■ Collected material
····················

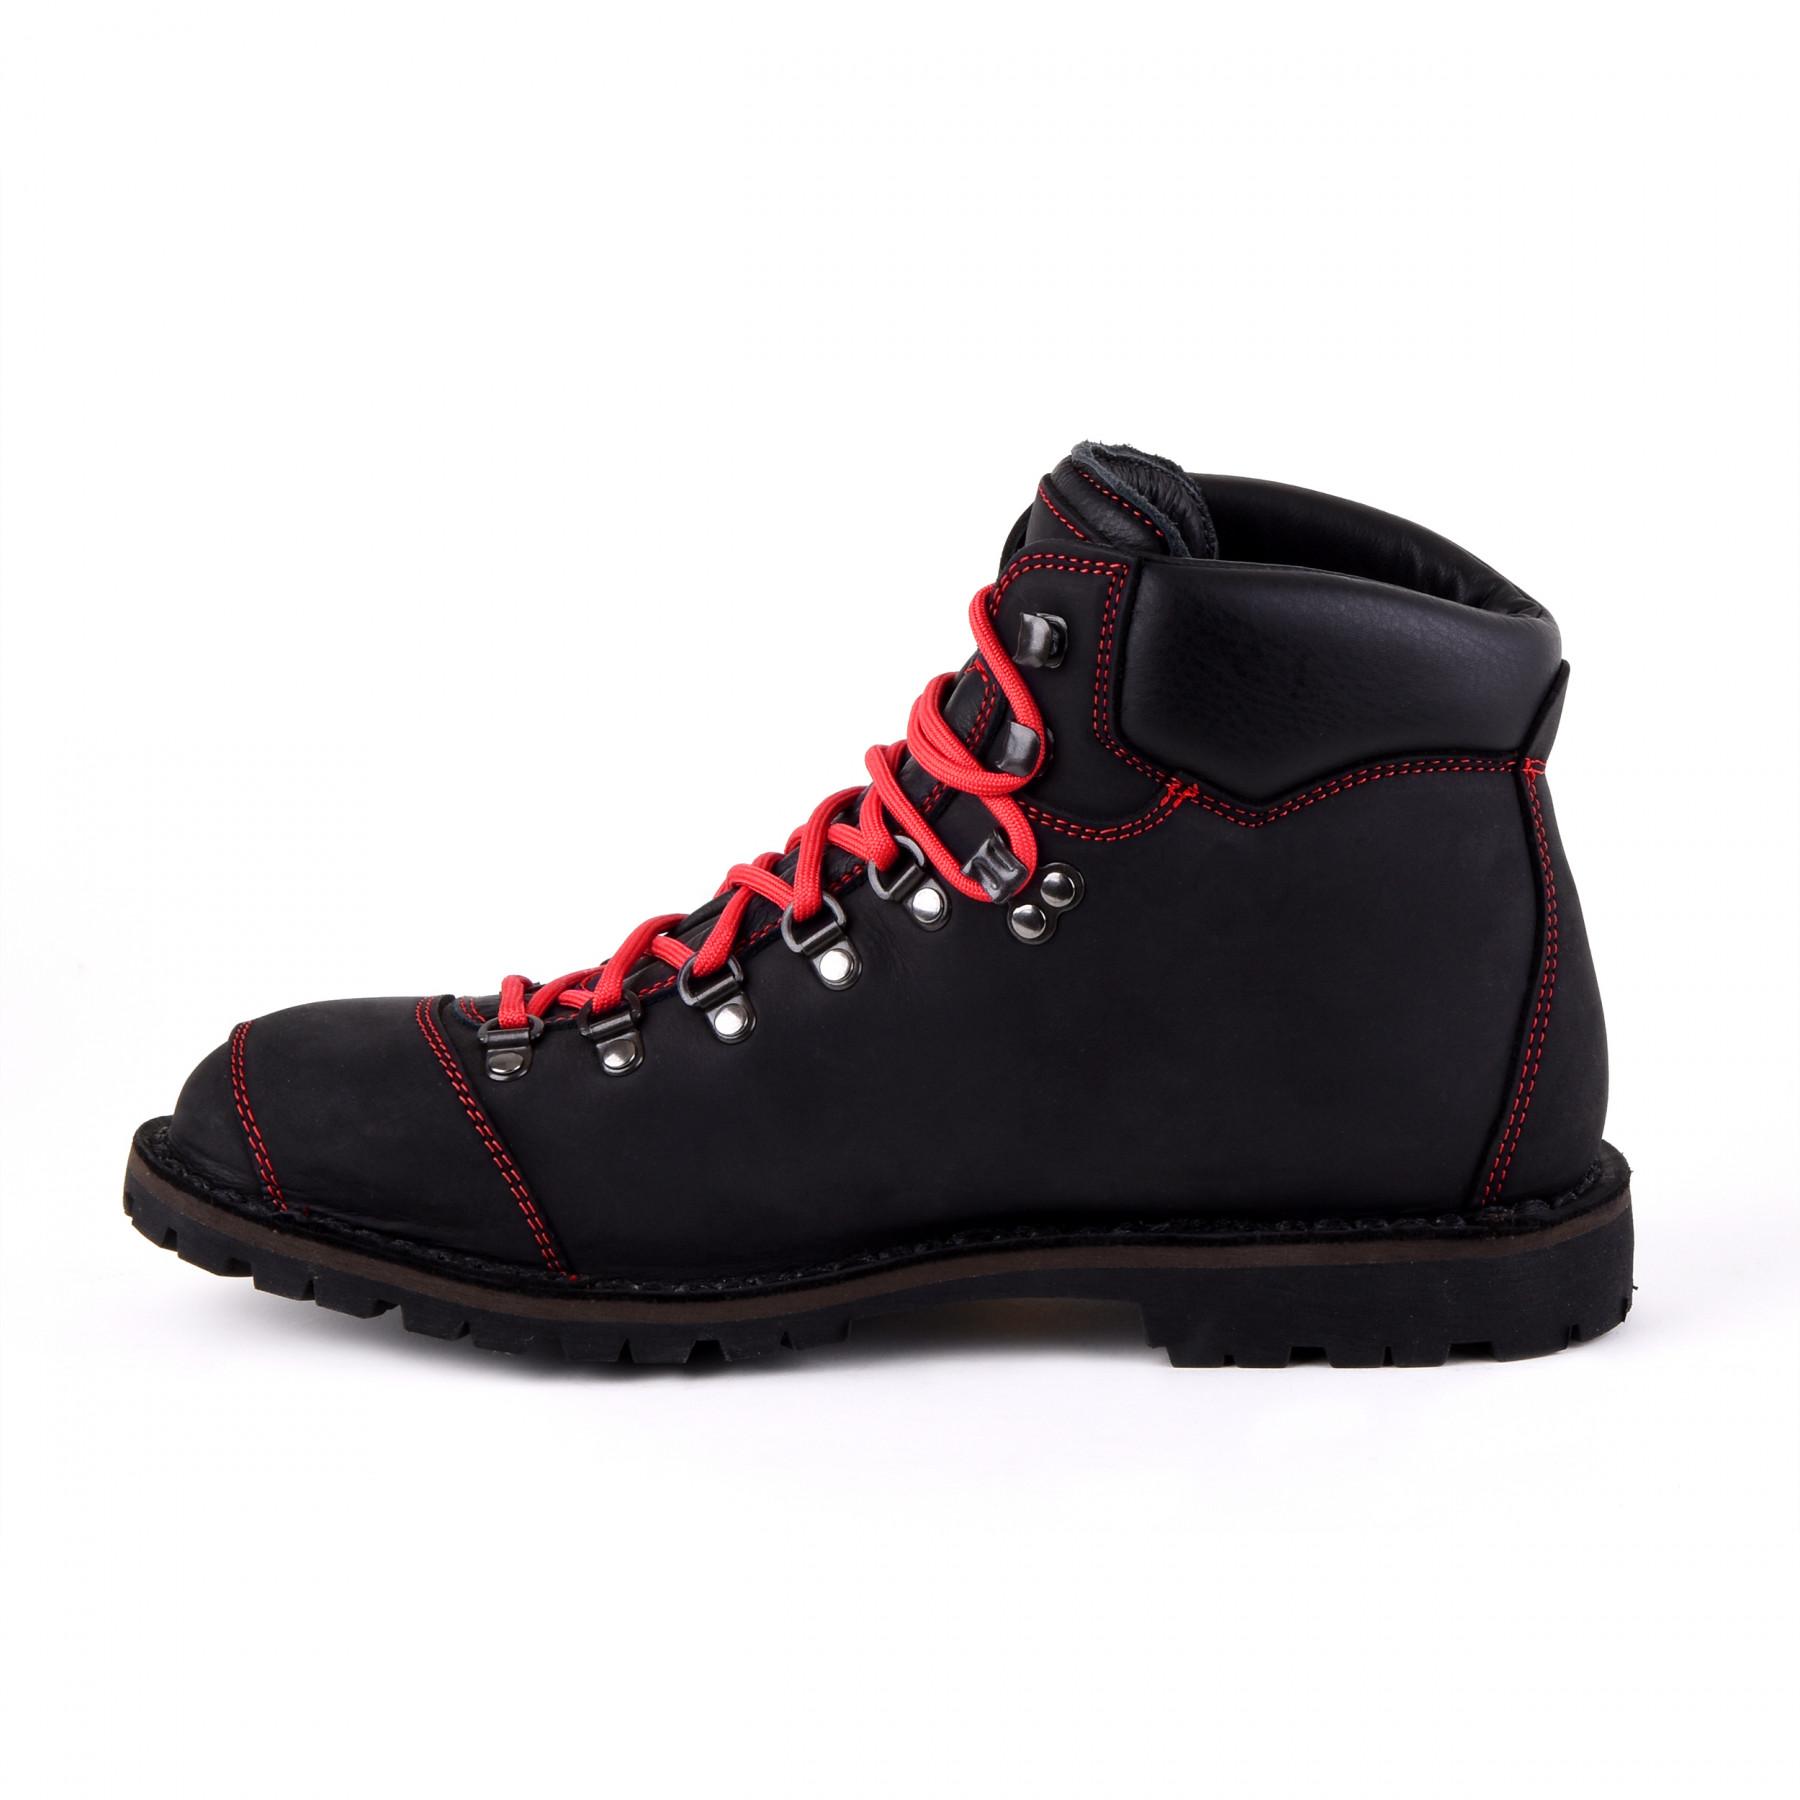 Biker Boot Adventure Denver Black, zwarte dames boot, rood stiksel
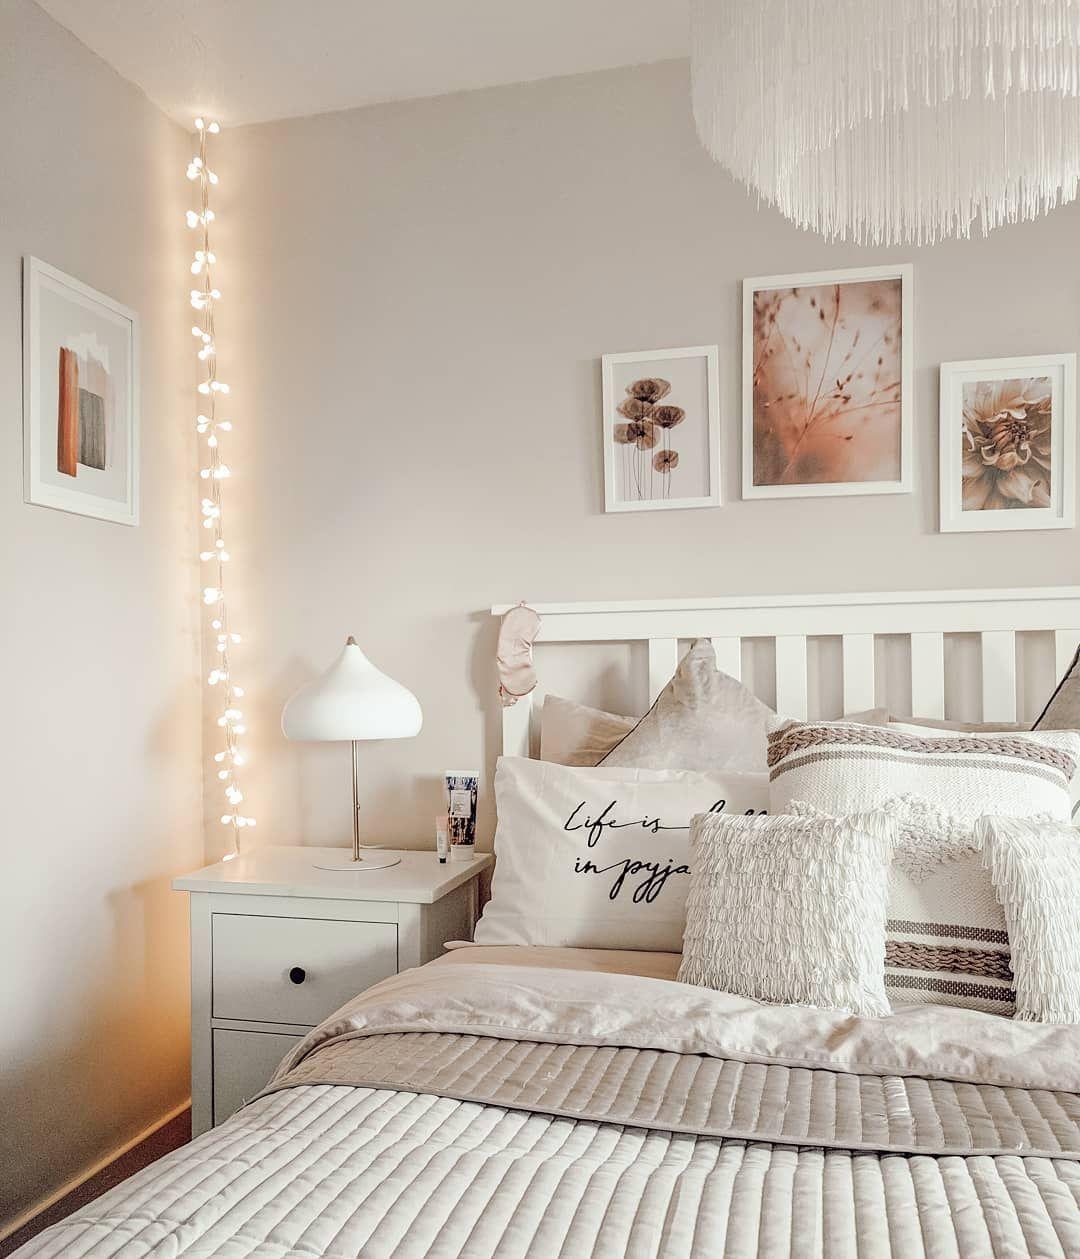 Scandi Boho Bedroom With White Ikea Hemnes Furniture And Fairy Lights Tassled Cushions Hygge Decor Pink Be Hygge Living Room Hygge Decor Hemnes Ikea Bedroom
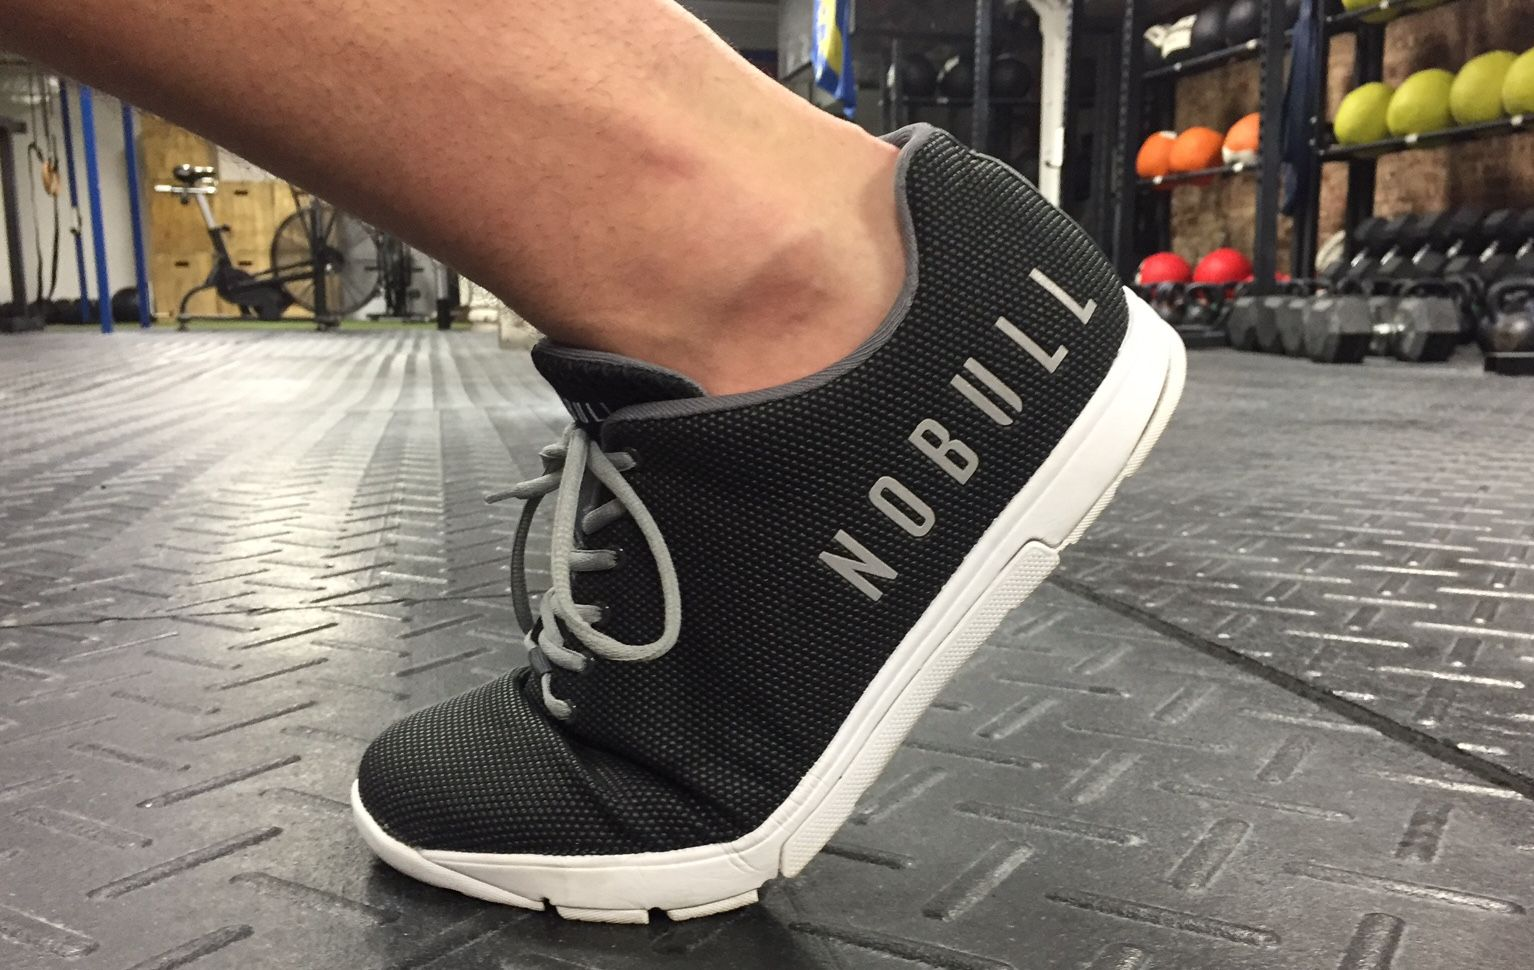 Crossfit shoes, Crossfit clothes

····················

■ Exercise instructions
Every line above should be printed again word for word, without its pictures.

■ Solution
 Biker Boot Adventure Denver Black, zwarte dames boot, rood stiksel
 Scandi Boho Bedroom With White Ikea Hemnes Furniture And Fairy Lights Tassled Cushions Hygge Decor Pink Be Hygge Living Room Hygge Decor Hemnes Ikea Bedroom
 Crossfit shoes, Crossfit clothes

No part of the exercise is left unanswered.